Data Virtualization: The Key to Weaving Your Big Data Fabric
The recently published The Forrester Wave™: Big Data Fabric, Q2 2018 highlights the need for an integrated infrastructure – the ‘fabric’ – to support your big data. In the headlong rush to create data lakes and other big data architectures, organizations need to think about how they will manage their big data repositories and provide quick and easy access to their users. Without this, the repositories risk becoming ‘big data silos’ which further complicates the information landscape instead of simplifying it.
This is where the big data fabric comes into play. Forrester defines a big data fabric as a “platform [that] accelerates insights by automating ingestion, curation, discovery, preparation, and integration from data silos.” Obviously, you need to think about how you will fill your big data repository, but more importantly you need to think about how your users will find and access this data to gain those business insights.
Forrester have also created a conceptual architecture for the big data fabric below, sourced from their 2016 Big Data Fabric report by analyst Noel Yuhanna.
In this conceptual architecture, there is layered functionality i.e.
- A data ingestion layer to load data into the big data repositories (e.g. sqoop, flume, nifi, etc.);
- An ‘orchestration’ layer to integrate and transform the data into something meaningful and consumable by the users;
- A data discovery layer so that the users can discover what data is available for them to use;
- A data access layer so that the users can get the data that they need to obtain business insights;
- Finally, a data management and intelligence layer that is interwoven throughout the other layers to provide capabilities such as: security, metadata management, governance, and so on.
A key thing to note in Forrester’s big data fabric architecture is that the ‘processing and persistence’ layer has multiple parts. It is not a single repository or data lake; it is made up of multiple data stores and processing engines, each one ‘fit for purpose’ for a specific data set or computational workload.
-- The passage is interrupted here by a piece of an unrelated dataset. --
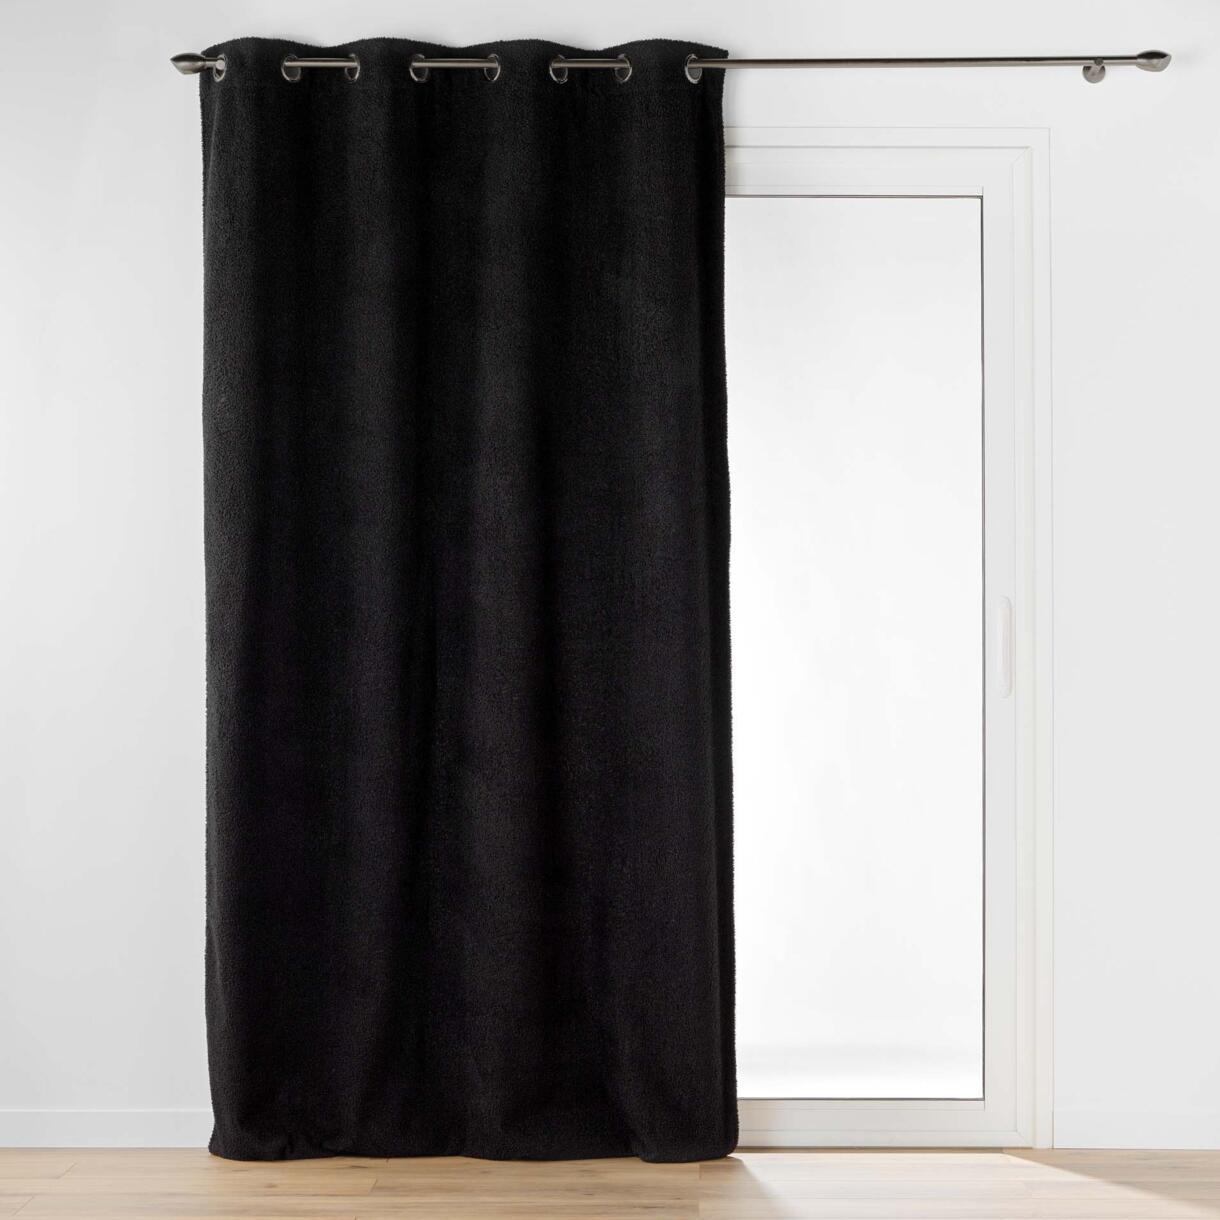 Cortina con rizos (140 x 240 cm) Woly Negro
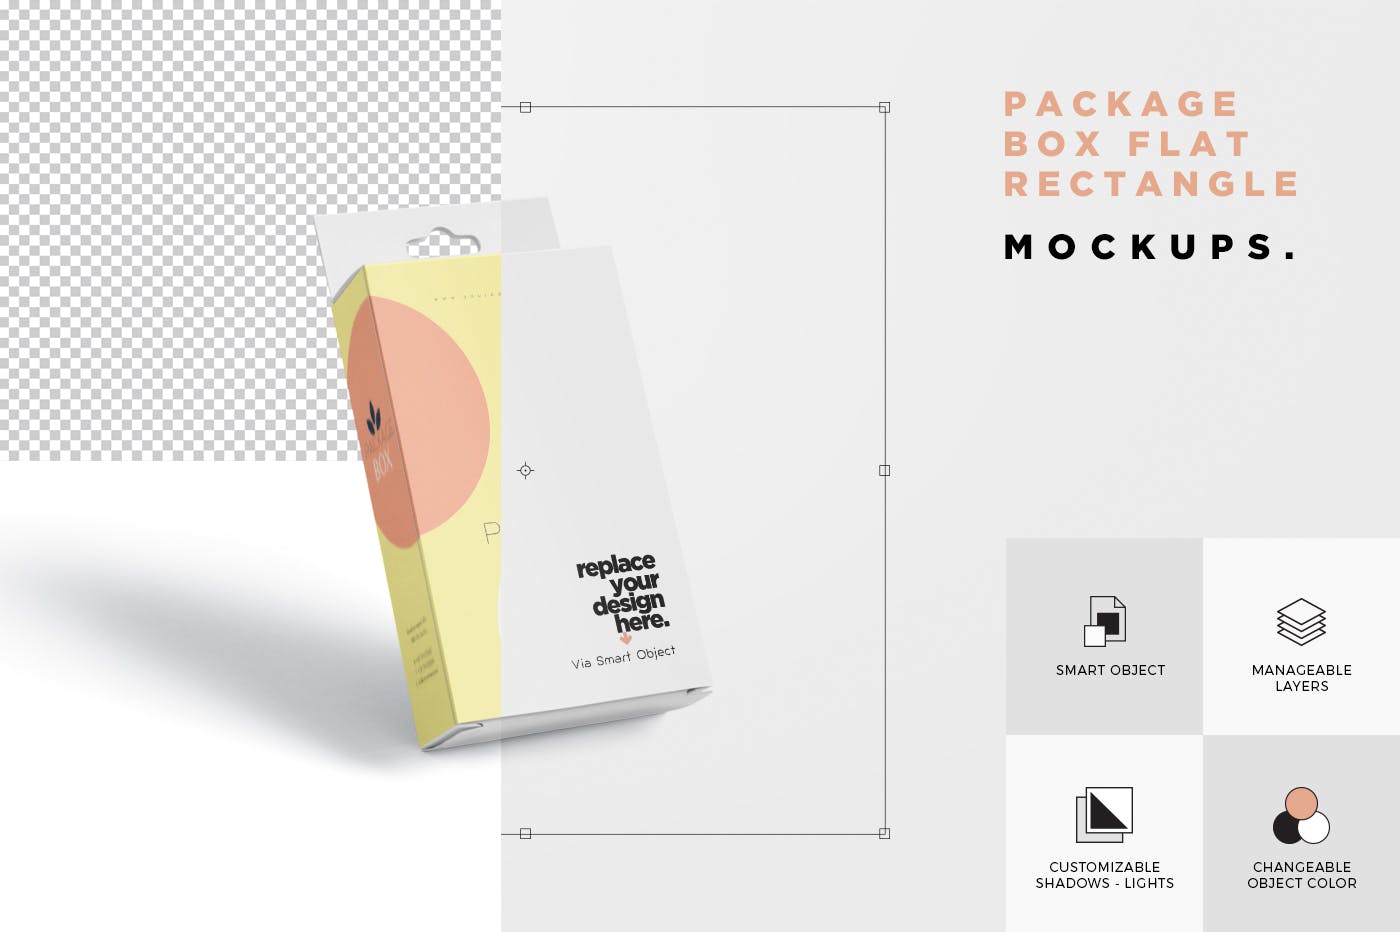 带挂耳设计扁平矩形产品包装盒效果图第一素材精选 Package Box Mockup Set- Flat Rectangle with Hanger插图(7)

This is also something that I have noticed from discussions with a variety of organizations. Companies are not just building a single, consolidated big data repository (aka a ‘data lake’), instead they are building many of them for different purposes, in different divisions or business units and in different geographies, etc. Most organizations will have a number of big data repositories and this makes the big data fabric infrastructure even more important.
Now let’s compare this to Denodo’s data virtualization reference architecture:
You can see that the architectures are very similar. For example, in the Denodo reference architecture there is:
- A data ingestion layer (‘Data Collection’ on the reference architecture);
- A processing and persistence layer (‘Data Storage and Analysis’), however, this is more than just Hadoop-based, this layer also includes more traditional data storage and processing, such as a data warehouse;
- A data virtualization layer, which includes data discovery through the Data Catalog, data integration and transformation (with advanced performance optimizations for big data scenarios), data access as ‘data services’, and finally, data security, governance, lineage, etc.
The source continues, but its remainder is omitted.